Anti-fracking & global environmental activism
The anti-fracking movement, relative to other 21st century campaigns that organize around energy and environmental issues, has been wildly successful. France, Bulgaria, Romania, South Africa, Germany, the Czech Republic, and Tunisia have banned fracking altogether (though South Africa’s moratorium was recently lifted). An assemblage of other governments are under heavy pressure to regulate fracking. In the midst of regulatory skirmishes, these same government agencies have also been compelled to conduct studies that better measure the degree of risk that fracking poses to public health and environmental integrity. What gives fraktivism the mobilization and organizational sophistication that other movements lack? Why, for instance, did massive climate change NGOs and activist networks fail to push the U.S Congress toward a coherent bill to address the issue? Why did Occupy’s multinational appeal not force greater accountability onto banks and financial institutions?

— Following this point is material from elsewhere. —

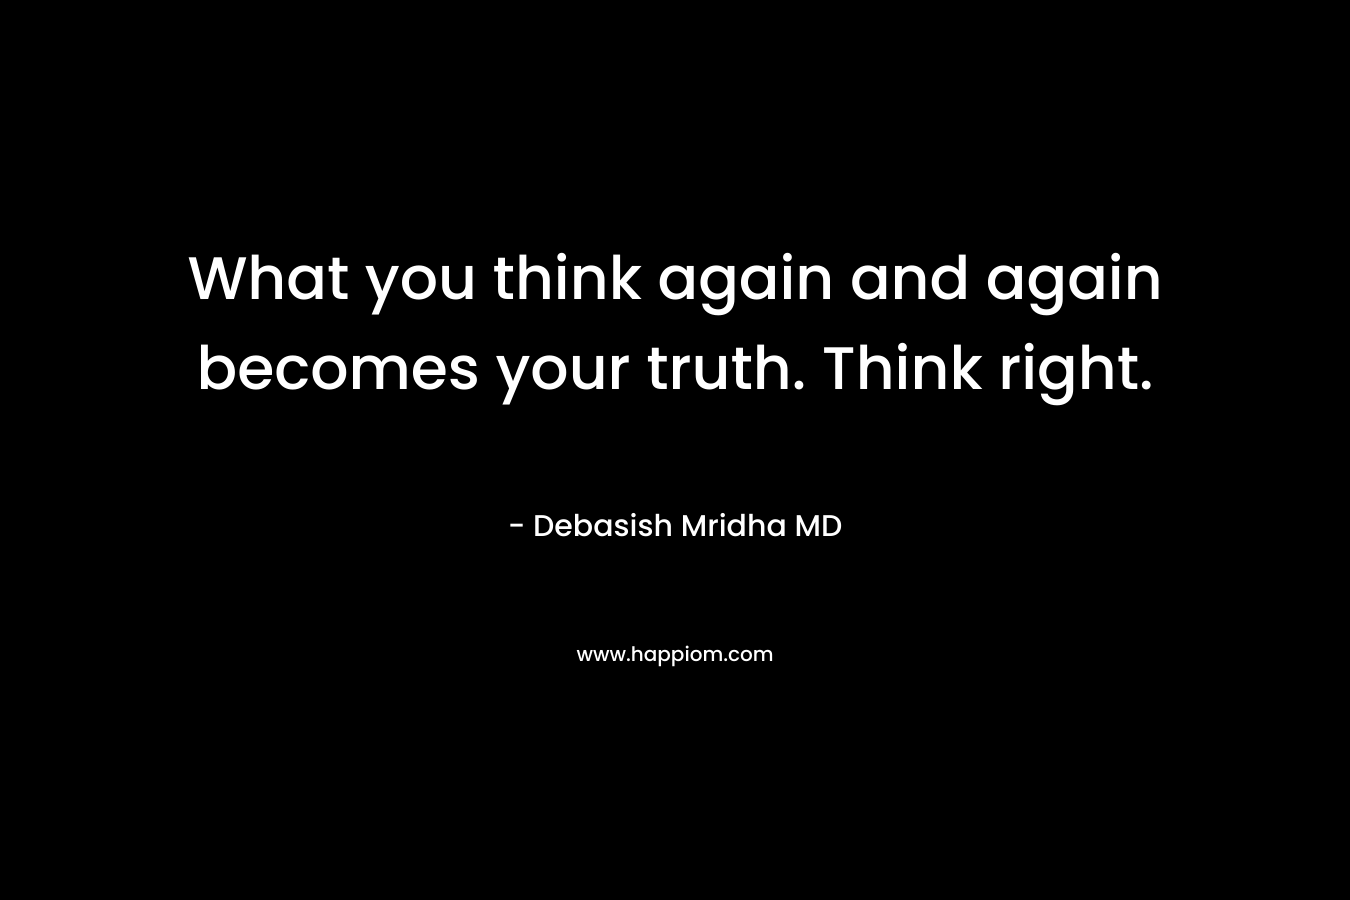 What you think again and again becomes your truth. Think right.

Based on the insights of classic social movements theory and social psychology, there are a few factors we can rattle off, point-blank, that contribute to the anti-fracking campaign’s impressive performance.
Successful anti-fracking campaigns generally:
- Recruit experts from various fields to speak on their behalf (geologists, seismologists, climatologists, hydrologists, economists, doctors, etc) to gain legitimacy
- Are conducted by genuinely “localized” face-to-face grassroots organizations
- Have specific policy goals and concerns that are well-articulated and not easily debunked by industry reports
- Can frame fracking in terms of inter-related and deeply sensitive issues – such as drinking water contamination, property rights, the effects of gas drilling on agriculture (and thus food production), averse health effects, etc.
- Can therefore mobilize a diverse range of people from multiple demographics
- Find common ground from the popularized documentary “Gasland”, which was screened worldwide and connected thousands of people to the issue who otherwise had never heard of fracking
- Are adaptable, applying pressure at local, state/regional, and federal/national levels of authority
- Utilize multiple and cheap social media platforms
- Communicate with other campaigns and well-established environmental organizations (e.g. Sierra Club)
- Successfully draw media outlets into the issue, leading to frequent news reports on fracking incidences and findings
Fracktivist strategies vary by context
Anti-fracking campaigns are adept at chiseling their conception of fracking and its risks to match local contexts. For example, in Bulgaria, the movement gained force as concern rose over foreign corporate exploitation. When news broke that the Bulgarian Parliament had awarded Chevron with a drilling permit for fracking operations in the Dobrudja region, protests broke out. Under Bulgarian law, even though Chevron is a foreign company, it would receive automatic ownership of any mineral resources discovered regardless of what indigenous land use patterns prevailed on the same parcels of desired land. Bulgaria’s anti-fracking campaign drew from popular angst toward foreign exploitation while doubly highlighting the implications Chevron’s drilling projects would have for food production as Dobrudja is a major agricultural belt. Few shale plays in the United States (like California’s) also lie beneath vast swathes of rich farmland, so anti-fracking campaigns that focus on land and agriculture tend to tap into local cultural identities and livelihoods, as the affected populations are often agrarian.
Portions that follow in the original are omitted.